Foi que vindo para o Rio de Janeiro, acompanhando Alceu Valença, para participar do Festival Abertura (da Globo), onde apresentaram “Vou danado pra Catende”, ele resolveu ficar neste sulmaravilha. Para tanto, buscou trabalhar como músico de estúdio, fato que apresentava algumas dificuldades. Entre elas, duas especiais: uma o fato de ser canhoto e a outra não ter um violão. A maioria das músicas requer violão, ao passo que viola de 12 cordas é mais raro. Violão emprestado, inverter as cordas do mesmo... Foi com extrema alegria que lhe dei o meu Di Giorgio recém-comprado, uma vez que me alegrava saber que seria usado por um músico de verdade, coisa que eu, por mais que aprendesse e exercitasse, não chegaria aos pés (ou às mãos, dedos).
Muitos anos passados e nos reencontramos com a ideia de gravarmos um disco com as nossas músicas, disco no qual ele colocaria a sua voz nordestina e rascante nas suas músicas e minhas modestas letras. Nos poucos dias em que ficamos juntos, fizemos uma demo e abortamos a entrada em estúdio por impossibilidades incontornáveis.

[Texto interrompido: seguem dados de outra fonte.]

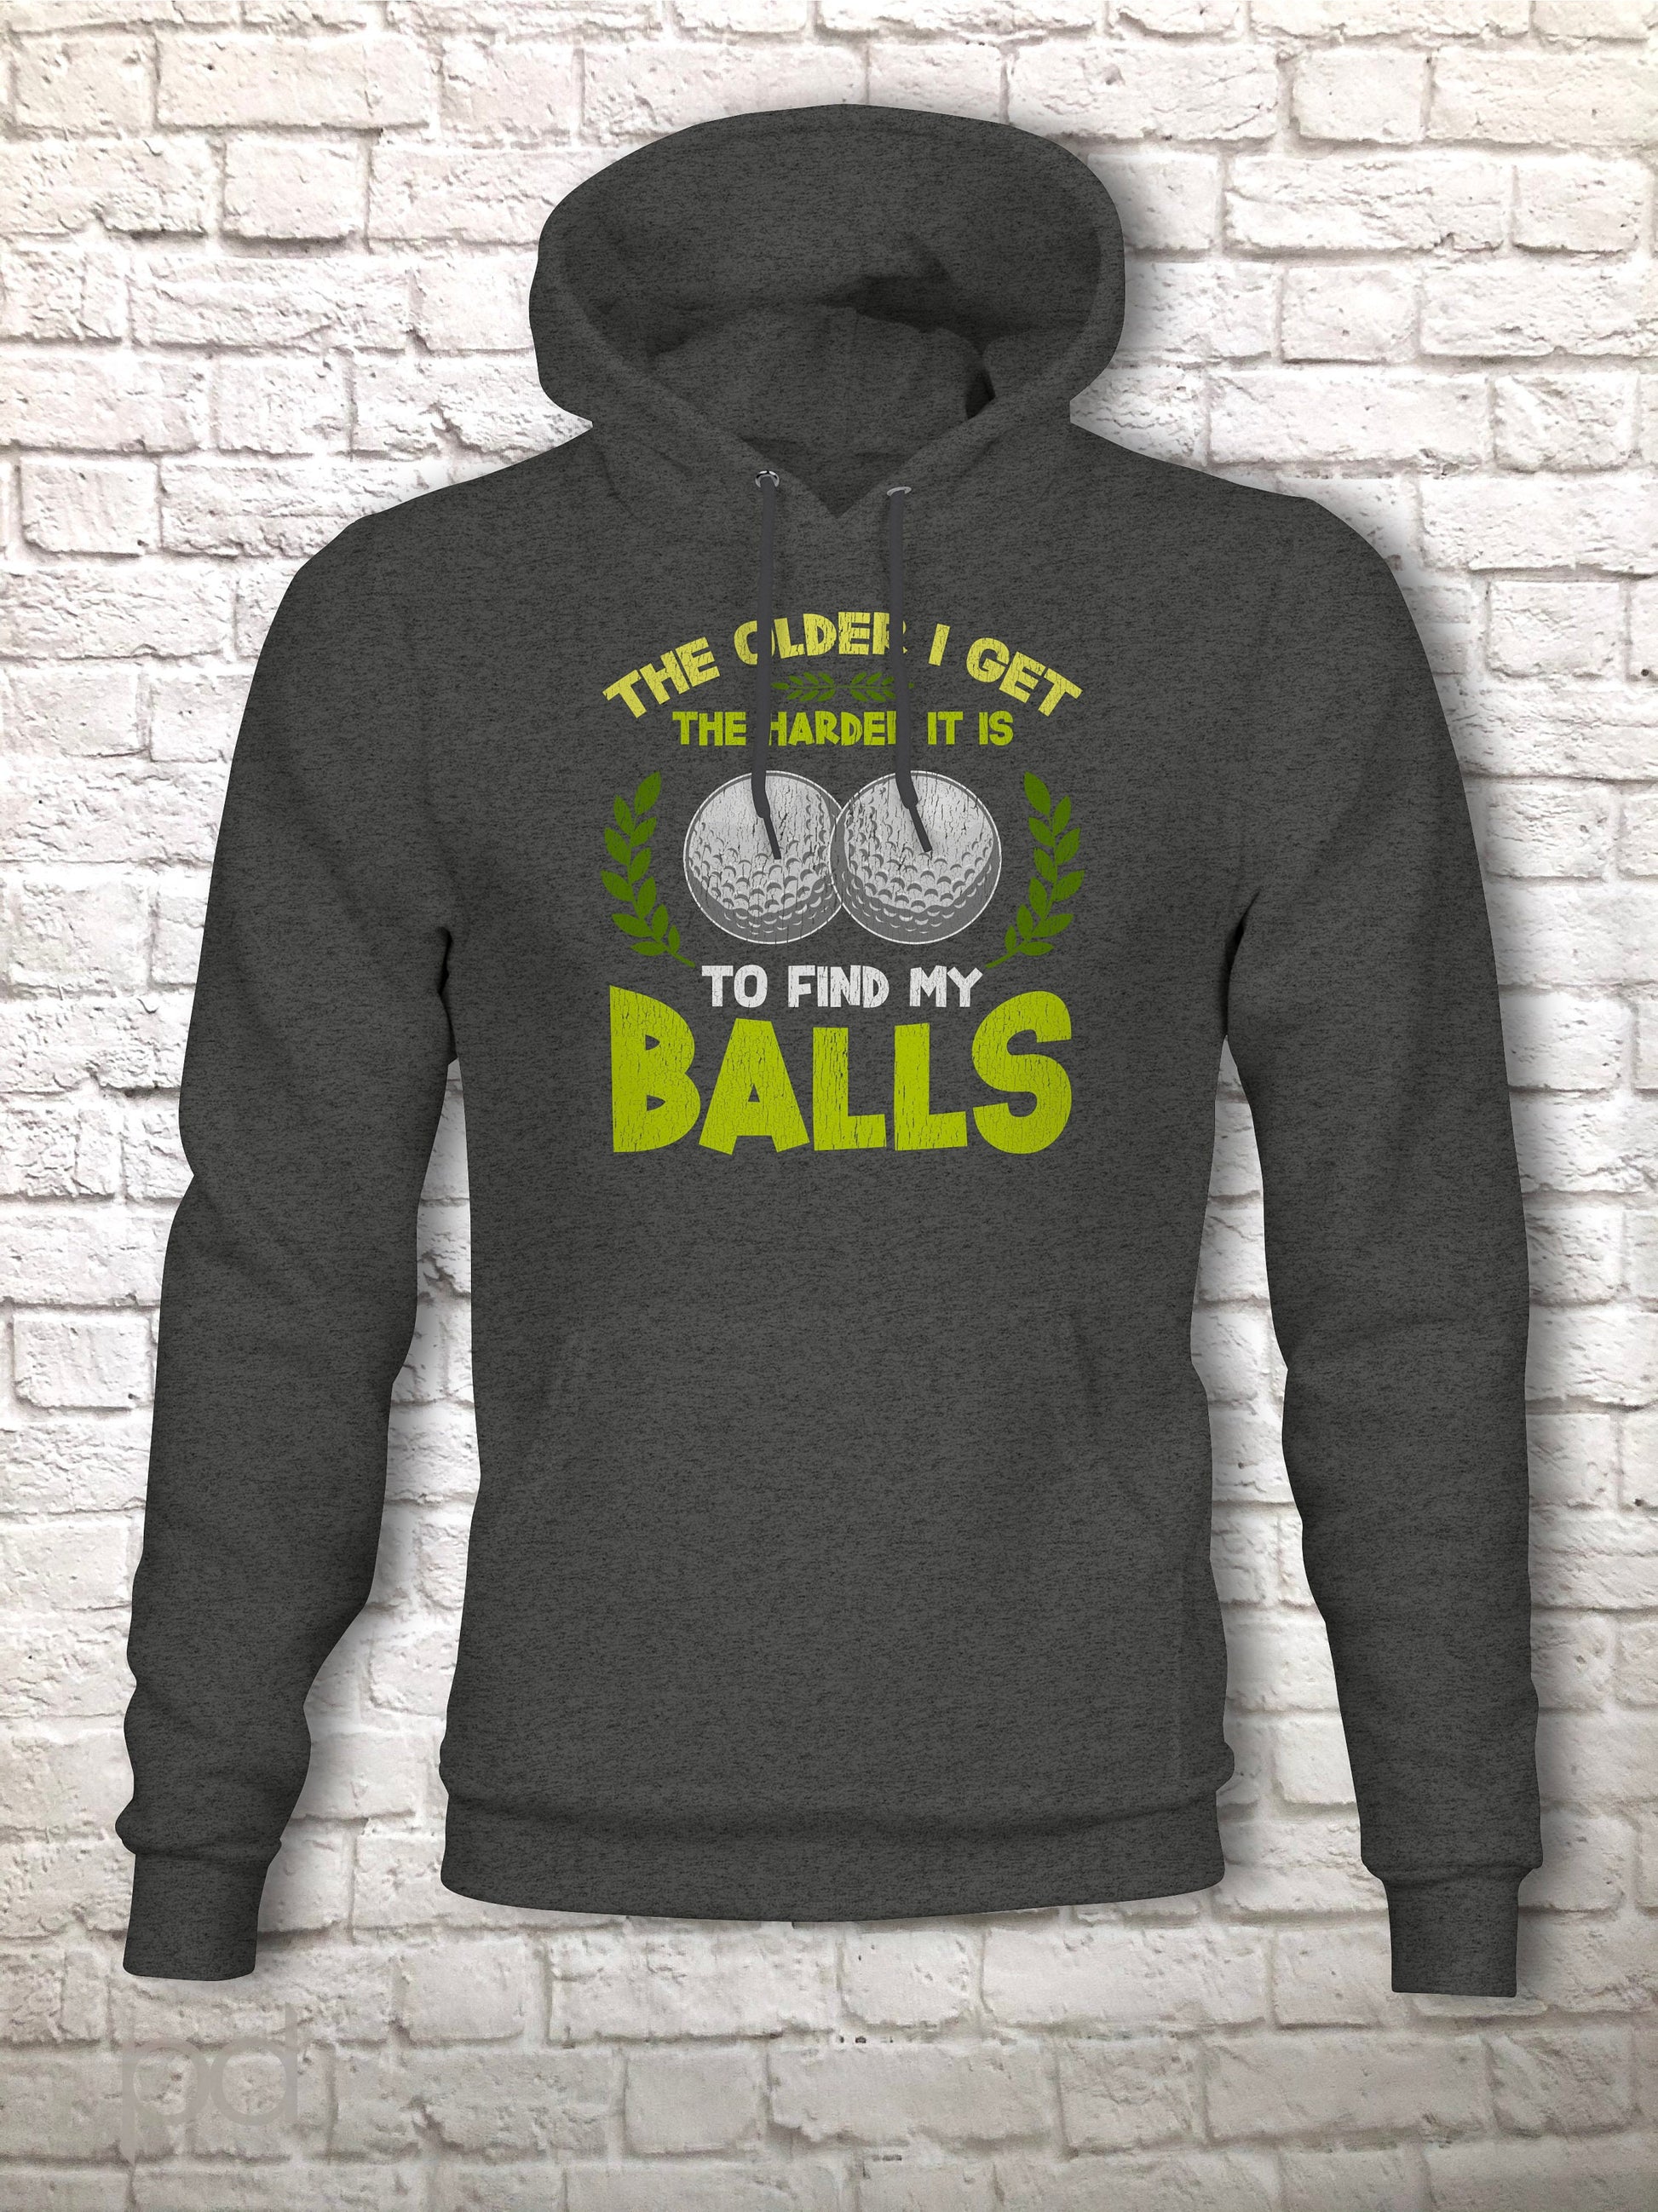 Funny Golf Hoodie, Humorous Golfing Meme for the Retired Older Gentleman Golfer Pullover Hooded Sweater, Take Balls to Find My Balls Top

No plano da matéria é fácil e lógico acreditar que o Ivinho morreu e foi sepultado. Mera constatação de que não mais vai carregar o pesado fardo de ser Ivinho, de ter existido conforme os desideratos que o destino lhe reservou. Alguns poucos choram a sua ausência, pois que de poucos parentes e raros amigos. Alguns noticiosos pernambucanos noticiam...

O que sei, como um absoluto, é que o talento e a sua virtuose musical permanecerão em minhas lembranças que pretendo eternas. Em algum lugar (faz tempo) afirmei que apenas um acorde do Ivinha era mais importante, para a nossa cultura, do que toda a discografia do Roberto Carlos, apesar do sucesso e da fortuna que um e outro alcançaram em função de suas trajetórias mundanas. A única e fundamental diferença entre Ivinho e outros celebrados músicos reside no fato de que ele nunca se organizou para registrar, civil ou cartorialmente, as suas criações geniais. Mai aí, acredito, já era pedir demais.